On Mon, Aug 21, 2017 at 12:05 PM, Pat Ferrel <pat@occamsmachete.com> wrote:

> Matt
>
> I’ll create a feature branch of Mahout in my git repo for simplicity (we
> are in code freeze for Mahout right now) Then if you could peel off you
> changes and make a PR against it. Everyone can have a look before any
> change is made to the ASF repos.
>
> Do a PR against this https://github.com/pferrel/mahout/tree/sparse-speedup
> <https://github.com/pferrel/mahout/tree/sparse-speedup>, even if it’s not
> working we can take a look. The branch right now is just a snapshot of the
> current master in code freeze.
>
> Mahout has always had methods to work with different levels of sparsity
> and you may have found a missing point to optimize. Let’s hope so.
>
>
> On Aug 21, 2017, at 11:47 AM, Andrew Palumbo <ap.dev@outlook.com> wrote:
>
> I should mention that the densisty is currently set quite high, and we've
> been discussing a user defined setting for this.  Something that we have
> not worked in yet.
>
> ________________________________
> From: Andrew Palumbo <ap.dev@outlook.com>
> Sent: Monday, August 21, 2017 2:44:35 PM
> To: user@mahout.apache.org
> Subject: Re: spark-itemsimilarity scalability / Spark parallelism issues
> (SimilarityAnalysis.cooccurrencesIDSs)
>
>
> We do currently have optimizations based on density analysis in use e.g.:
> in AtB.
>
>
> https://github.com/apache/mahout/blob/08e02602e947ff945b9bd73ab5f0b4
> 5863df3e53/math-scala/src/main/scala/org/apache/mahout/
> math/scalabindings/package.scala#L431
>
>
>
> +1 to PR. thanks for pointing this out.
>
>
> --andy
>
> ________________________________
> From: Pat Ferrel <pat@occamsmachete.com>
> Sent: Monday, August 21, 2017 2:26:58 PM
> To: user@mahout.apache.org
> Subject: Re: spark-itemsimilarity scalability / Spark parallelism issues
> (SimilarityAnalysis.cooccurrencesIDSs)
>
> That looks like ancient code from the old mapreduce days.
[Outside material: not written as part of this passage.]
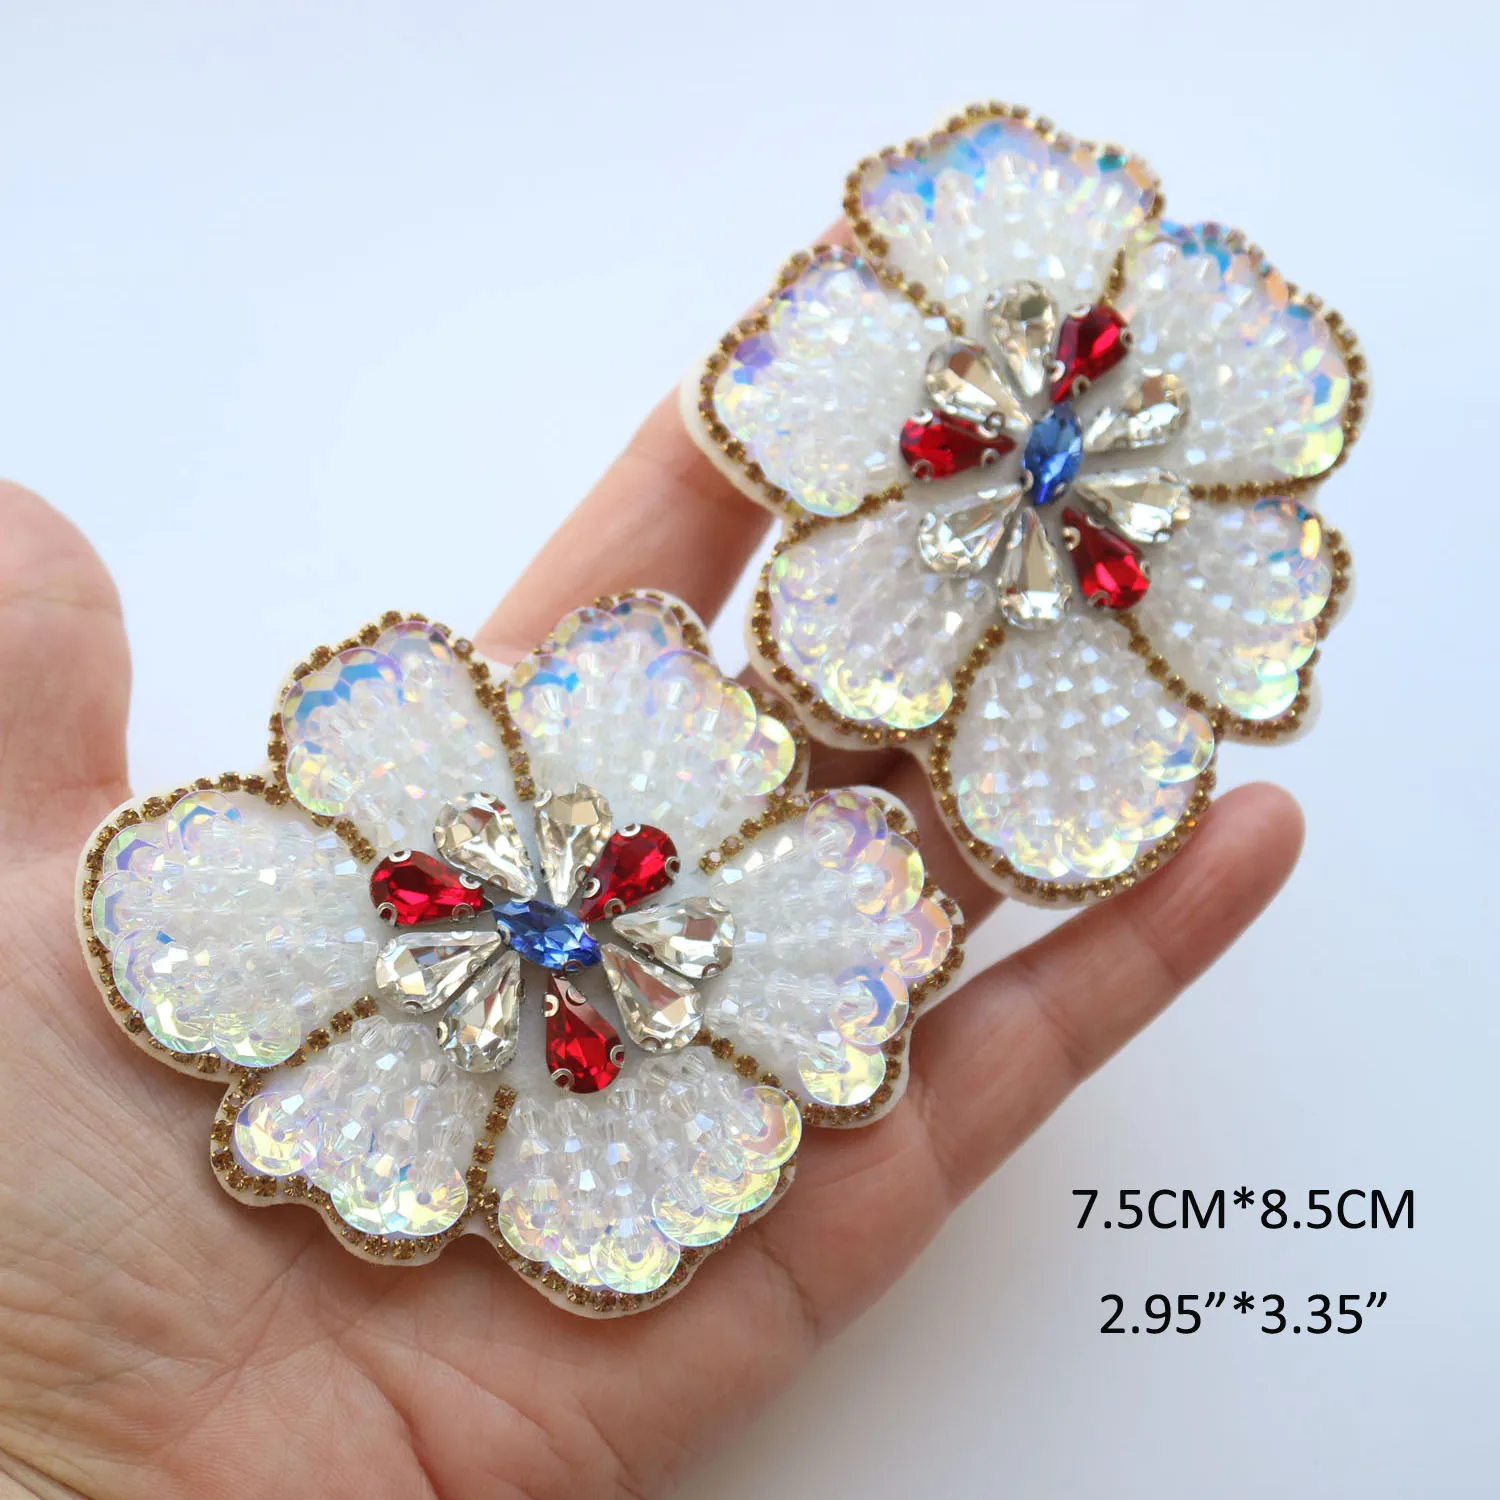 

2pcs/set handmade Flower embroidery patches for clothing 3D leaves embroidered Patches DIY sew on Embroidery appliques parches

If is passes
> unit tests create a PR.
>
> Just a guess here but there are times when this might not speed up thing
> but slow them down. However for vey sparse matrixes that you might see in
> CF this could work quite well. Some of the GPU optimization will eventually
> be keyed off the density of a matrix, or selectable from knowing it’s
> characteristics.
>
> I use this code all the time and would be very interested in a version
> that works with CF style very sparse matrices.
>
> Long story short, create a PR so the optimizer guys can think through the
> implications. If I can also test it I have some large real-world data where
> I can test real-world speedup.
>
>
> On Aug 21, 2017, at 10:53 AM, Pat Ferrel <pat@occamsmachete.com> wrote:
>
> Interesting indeed. What is “massive”? Does the change pass all unit tests?
>
>
> On Aug 17, 2017, at 1:04 PM, Scruggs, Matt <matt.scruggs@bronto.com>
> wrote:
>
> Thanks for the remarks guys!
>
> I profiled the code running locally on my machine and discovered this loop
> is where these setQuick() and getQuick() calls originate (during matrix
> Kryo deserialization), and as you can see the complexity of this 2D loop
> can be very high:
>
> https://github.com/apache/mahout/blob/08e02602e947ff945b9bd73ab5f0b4
> 5863df3e53/math/src/main/java/org/apache/mahout/math/
> AbstractMatrix.java#L240
>
>
> Recall that this algorithm uses SparseRowMatrix whose rows are
> SequentialAccessSparseVector, so all this looping seems unnecessary. I
> created a new subclass of SparseRowMatrix that overrides that
> assign(matrix, function) method, and instead of looping through all the
> columns of each row, it calls SequentialAccessSparseVector.iterateNonZero()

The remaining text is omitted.